# 12-hour upgrade coupon Acela BC to FC WAS-BOS



## daybeers (Jan 11, 2018)

I want to go to a concert on the night of June 14th, 2018 in Boston at the Royale nightclub, which is about equidistant between South Station and Back Bay. Even though the Saver fare for the Regional is only $79, the Acela fare is $184. I have an upgrade coupon which expires in September and would probably be wasted on NER BC, so I've decided to take the Acela and upgrade to First Class.

I have a few questions:

1. My coupon is a 12-hour upgrade. Is there any chance 2164 FC WAS-BOS will be sold out? It leaves WAS at noon, so I'll be calling probably right at midnight.

2. I've never taken Acela FC, so I don't know what to expect with the food service. I've heard it's good, but I don't know if it's been victim to the downgrades other Amtrak services have seen. Will the meal WAS-NYP and another between NYP-BOS be enough to tide me over for the day, or should I try to bring something on the train also?

3. Kindof a second part to the first question: if the two meals aren't enough food, does anyone have any recommendations for (preferably on the cheaper side to make up for the splurge on Acela




) dinner places in the Back Bay or South Station area?

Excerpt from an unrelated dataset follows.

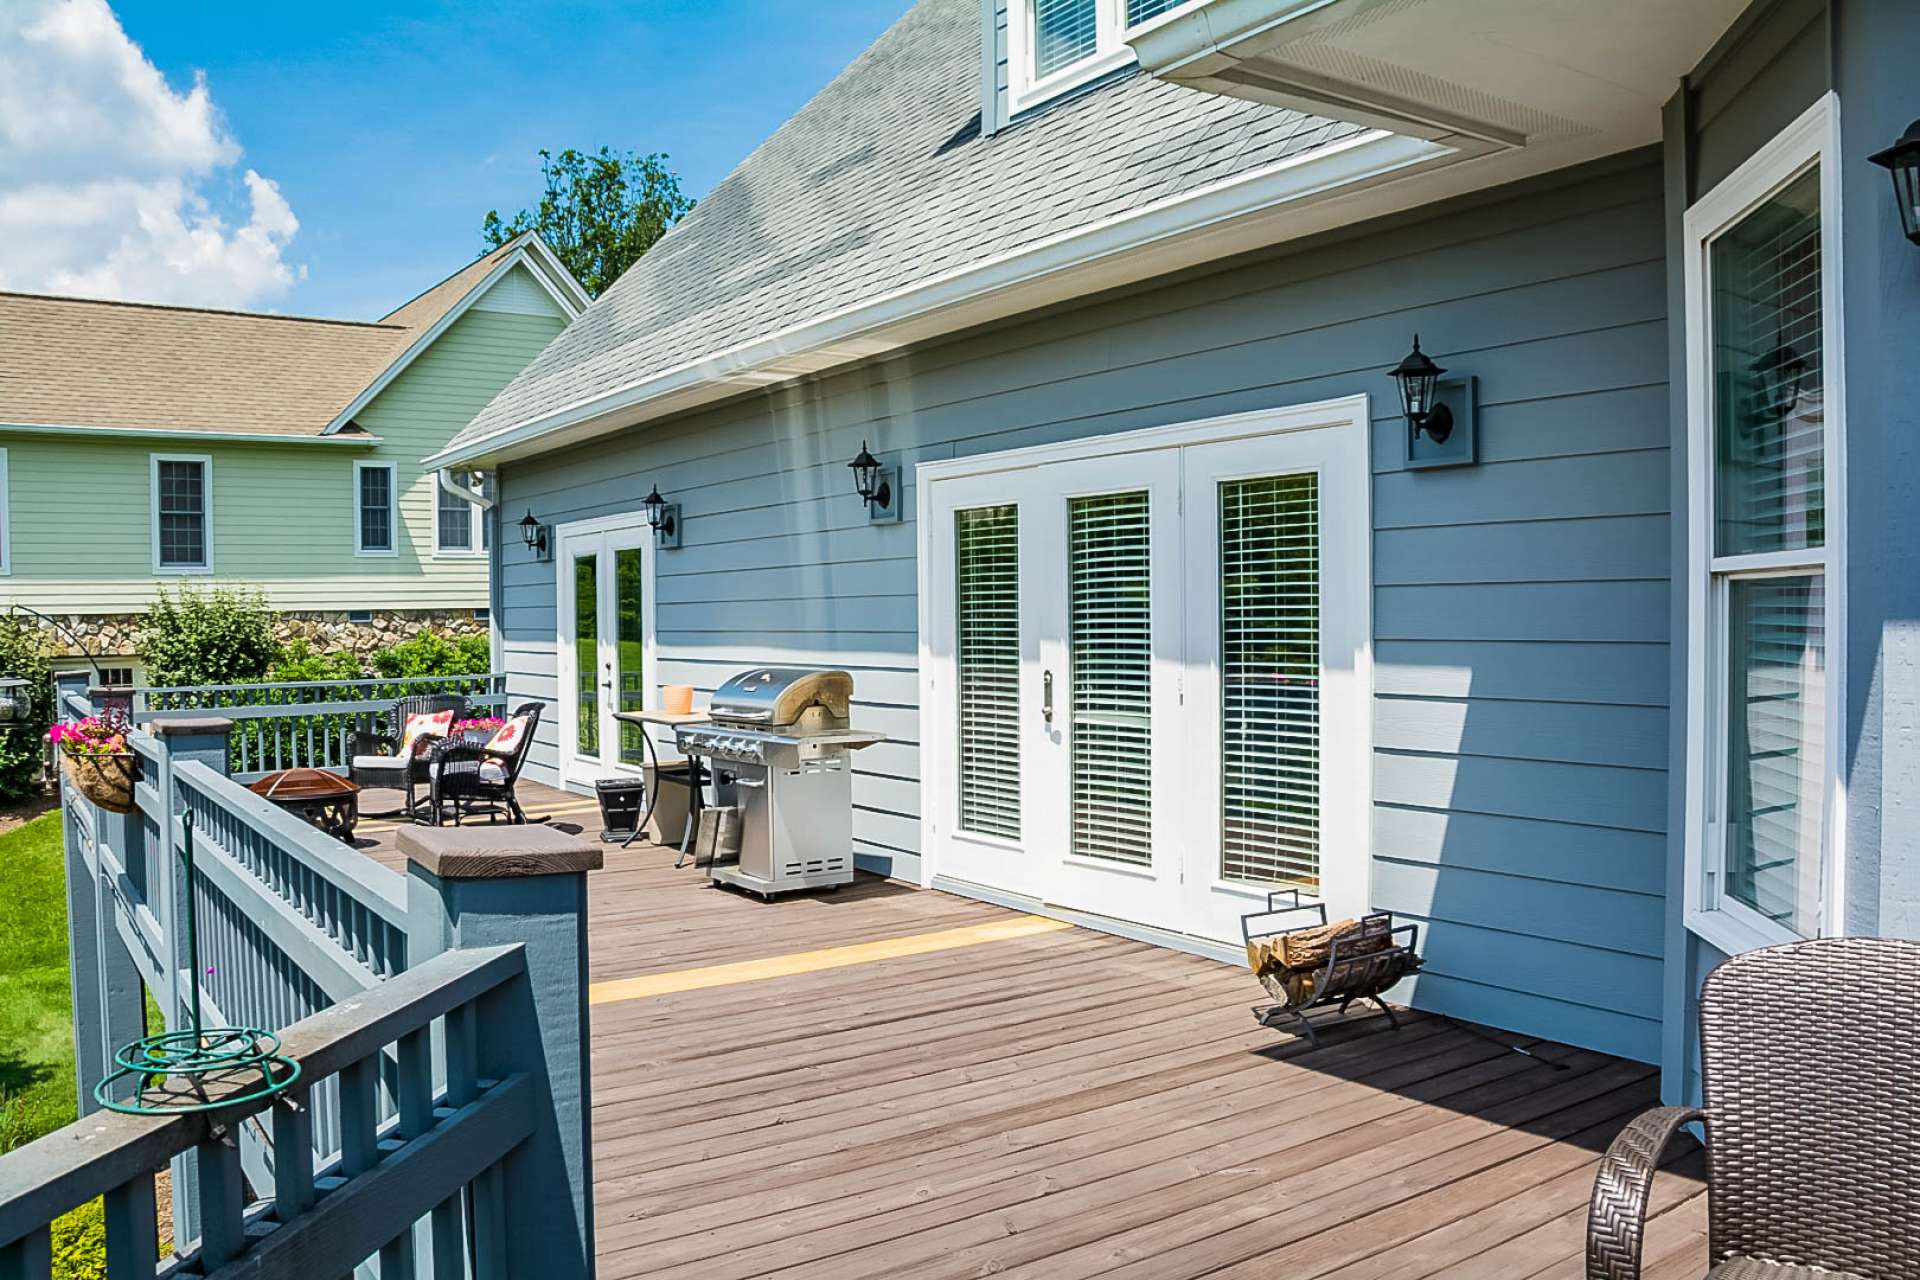 Relax with a tall glass of iced tea on the spacious open back deck that is perfect for outdoor entertaining.
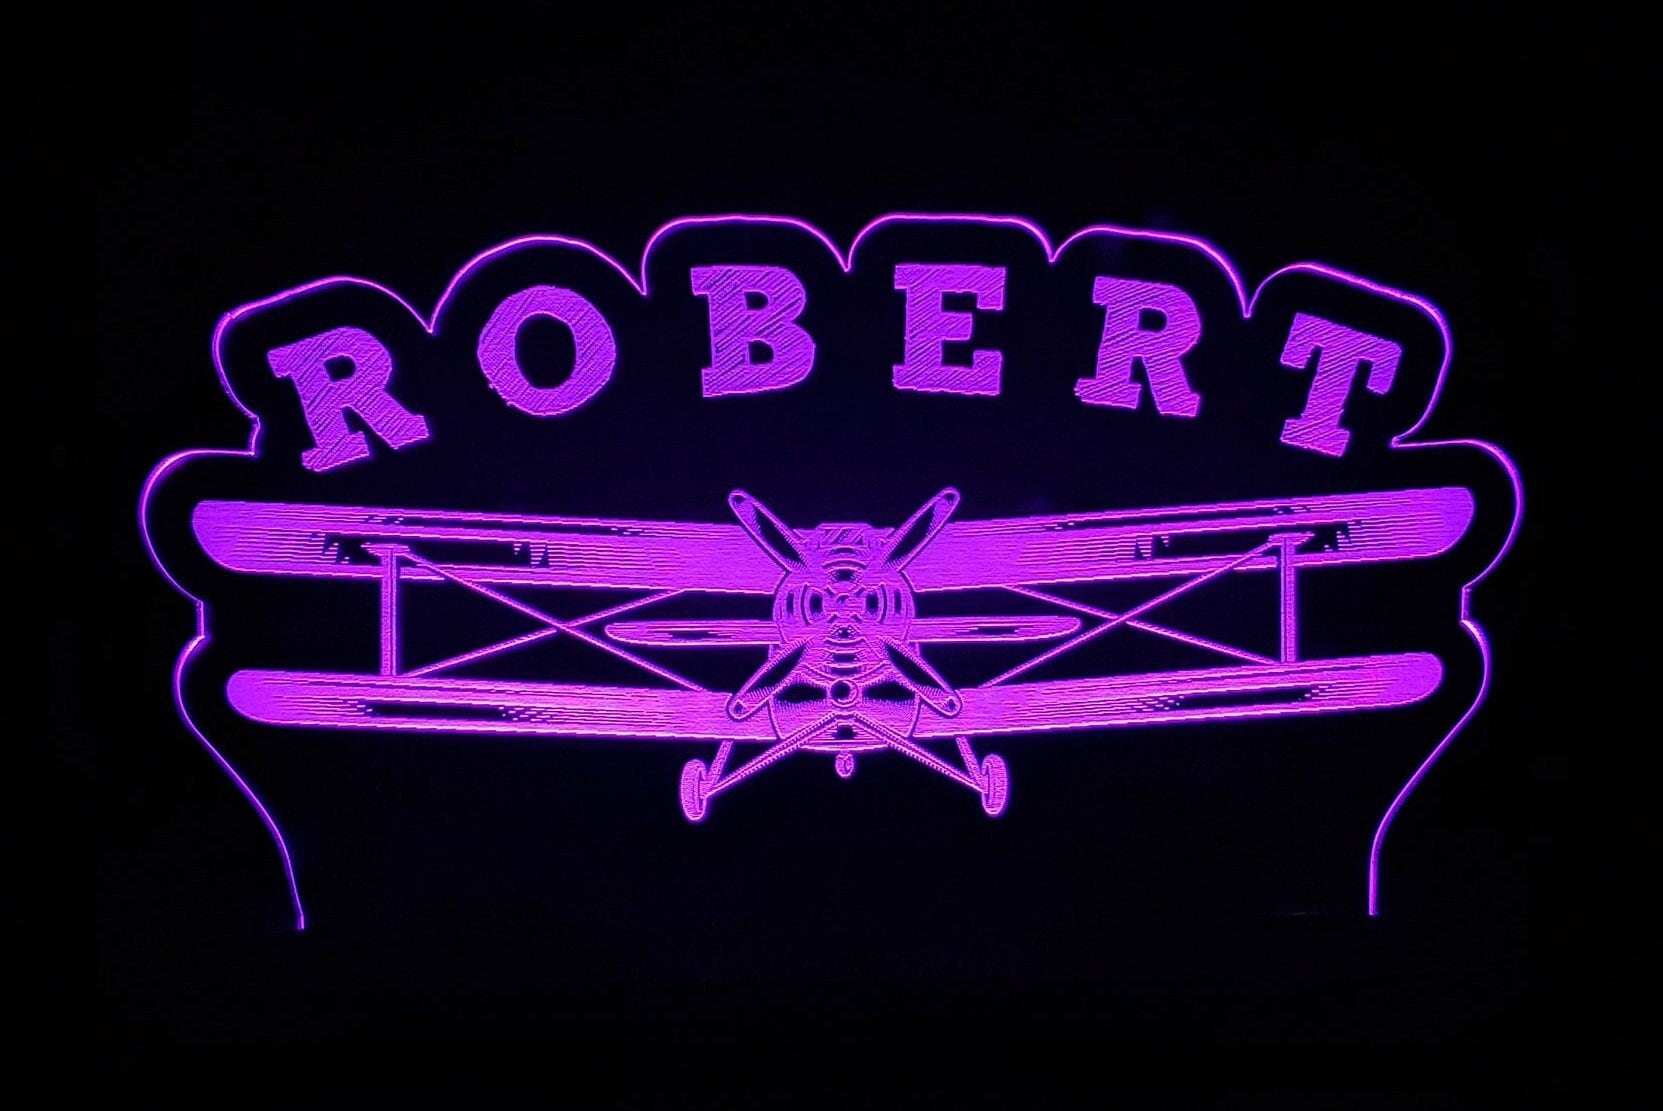 Custom name on biplane LED light lamp/sign with customizable tail number and business name - Neon-like - Free shipping - Made in USA.

4. Are there any nearby attractions in the Back Bay or South Station area (Theatre District) I can see between 6:40 pm when 2164 gets in and 8:30 pm, which is when I'll probably want to be at the venue?

Thanks in advance!


----------



## Acela150 (Jan 12, 2018)

Since the 14th is a Thursday I think you'll be ok.

As far as what to expect. Once your upgraded be sure to use the ClubAcela in DC. That's a decent perk. And you'll be able to board before everyone else. I rode 2165 about a month ago and was only offered one meal between RTE and PHL. Which somewhat bothered me. Normally on that type of trip I'm offered two. All drinks are included in your ticket. Including booze. As for if those two meals will be enough to tide you over. That's for each person to decide. For me it's usually enough. As for dinner choices their is a food court in South Station. It has a Mickey D's, Pizza Place, A cajun grill, and a Chinese joint. That's something there. I can't think of anything else off hand.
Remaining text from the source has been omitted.